When I first started running, I didn’t know how to train for it—at all! I thought that for others to consider you to be a runner, you had to always run as fast as you could or you were just “jogging.” So I would run as fast as I could until I had to stop because I couldn’t breathe (which for me was about a fourth of a mile). I would just do that over and over. I honestly had a better pace back then than I do now, but I wasn’t training right. It was all speed work for every run. Looking back, I am surprised I didn’t get injured, to the honest!

I recently ran my first half-marathon at the Syracuse Half. Just at the beginning of the year it seemed like a far-off goal to one day be able to run a half, but training under Kevin and with the group really encouraged me that it wasn’t some faraway pipe dream—it really could be a reality, and much sooner than I anticipated. If it had not been for base runs, speed work, and long runs, I would never have been able to accomplish it.

We are Better Together!

How many of you know that doing a long run alone isn’t much fun? Can I see a show of hands? Yup, that’s what I thought—everybody! Running is HARD. So it is much more bearable when you have other people to do it with. Like I mentioned before, for the first three years after I started running, I didn’t have anyone to run with. I really wanted to run with somebody, but the few people I knew who ran didn’t have the same schedule as I did, or were not able to go to Green Lakes (where I always ran for three years, road running was new to me this year). I’m so glad to be part of a group where there are many opportunities every week to run with other people. I have enjoyed getting to know everyone that I have run with!

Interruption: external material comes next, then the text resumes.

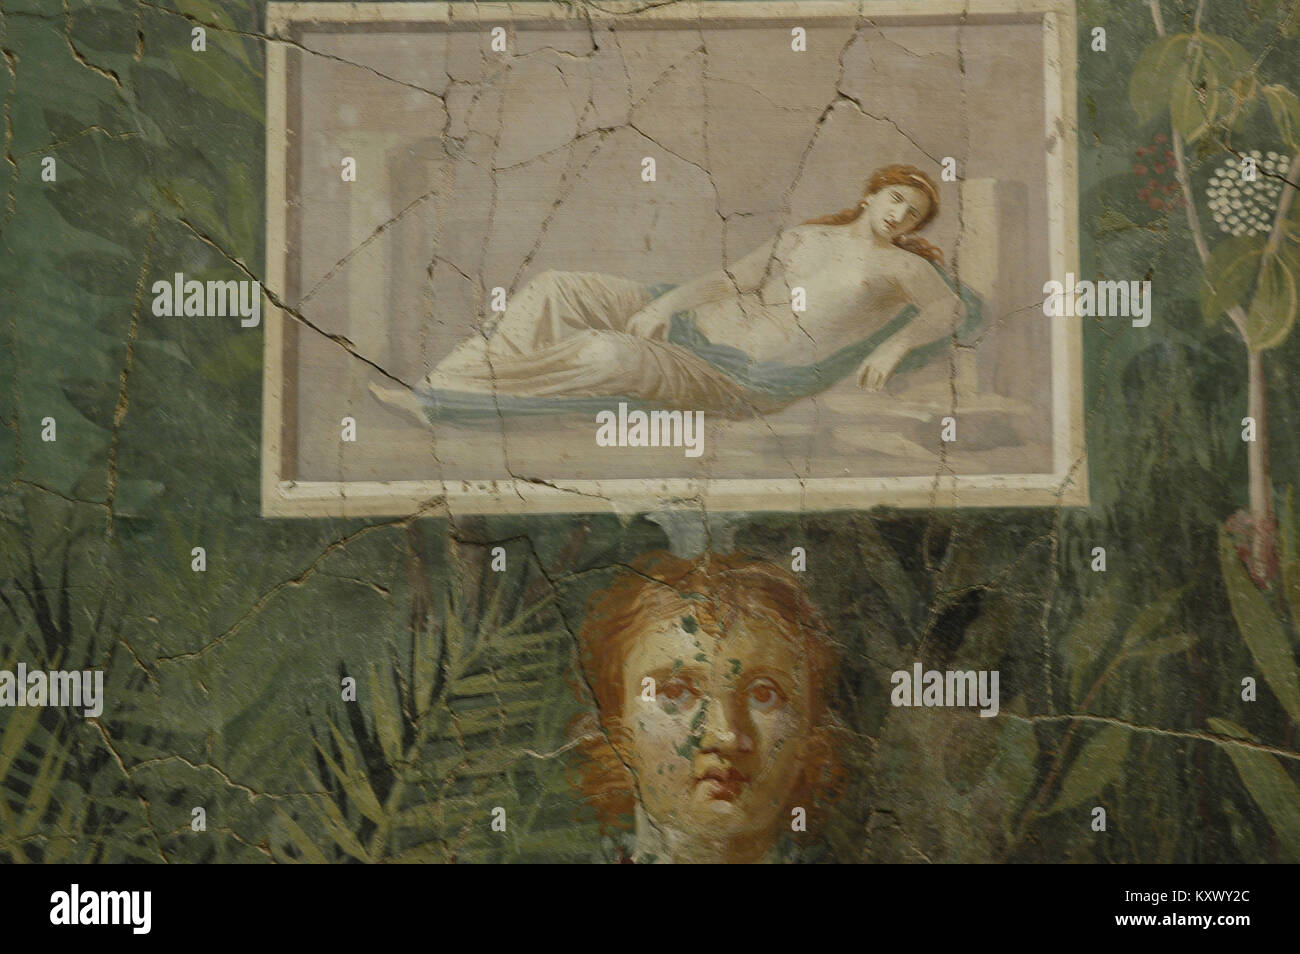 Oplontis and Boscoreale, fresco Pompeii, 2008, Rome, Italy. Stock Photo

When I talk with other runners at groups, I have noticed something. There are times when someone will say they haven’t been consistent with their running, and they almost always mention that they haven’t been to group runs in a long time either. If you put two and two together, running with other people keeps you accountable, it helps you maintain more consistency and the connections that you have with other people in the group keep you coming back. So if you have found yourself straying away from group runs and also have found yourself skipping running days, make the effort to get to group runs each week, you won’t regret it!

I do understand that life happens and sometimes it can’t be helped. I’ve been there too, and have had to miss a few group runs. But I know that I need to get back out there as soon as I can because it becomes to easy to keep on missing runs when you start making excuses. That happened to me last year, and for months I ended up only running maybe once a week because I found every excuse for why I couldn’t do it. I know for a fact that if I had been part of a running club at that point, it would never have gotten that far.

Another reason we are better together is because of the inspiration that it gives to see what other people are accomplishing in running and fitness. I am constantly amazed by all of you! I know I wouldn’t have been able to do a half-marathon had it not been for the encouragement and support from so many of you who believed in me and told me that I could do it. I see you all doing such amazing races and competitions, and losing weight, and all of the stories I hear are what helps me to keep plugging away with base runs and keeps me coming back to group runs. We truly are better together!

I hope that hearing these things from my perspective and knowing some of my background has helped you. If anything, it’s another reminder of what we hear all the time from our amazing coach, Kevin Collins. Maybe we haven’t had the chance to meet or run together yet, but you can be sure that you’ll see my face pop up in a few pictures every week as Kevin posts them. Happy running everyone!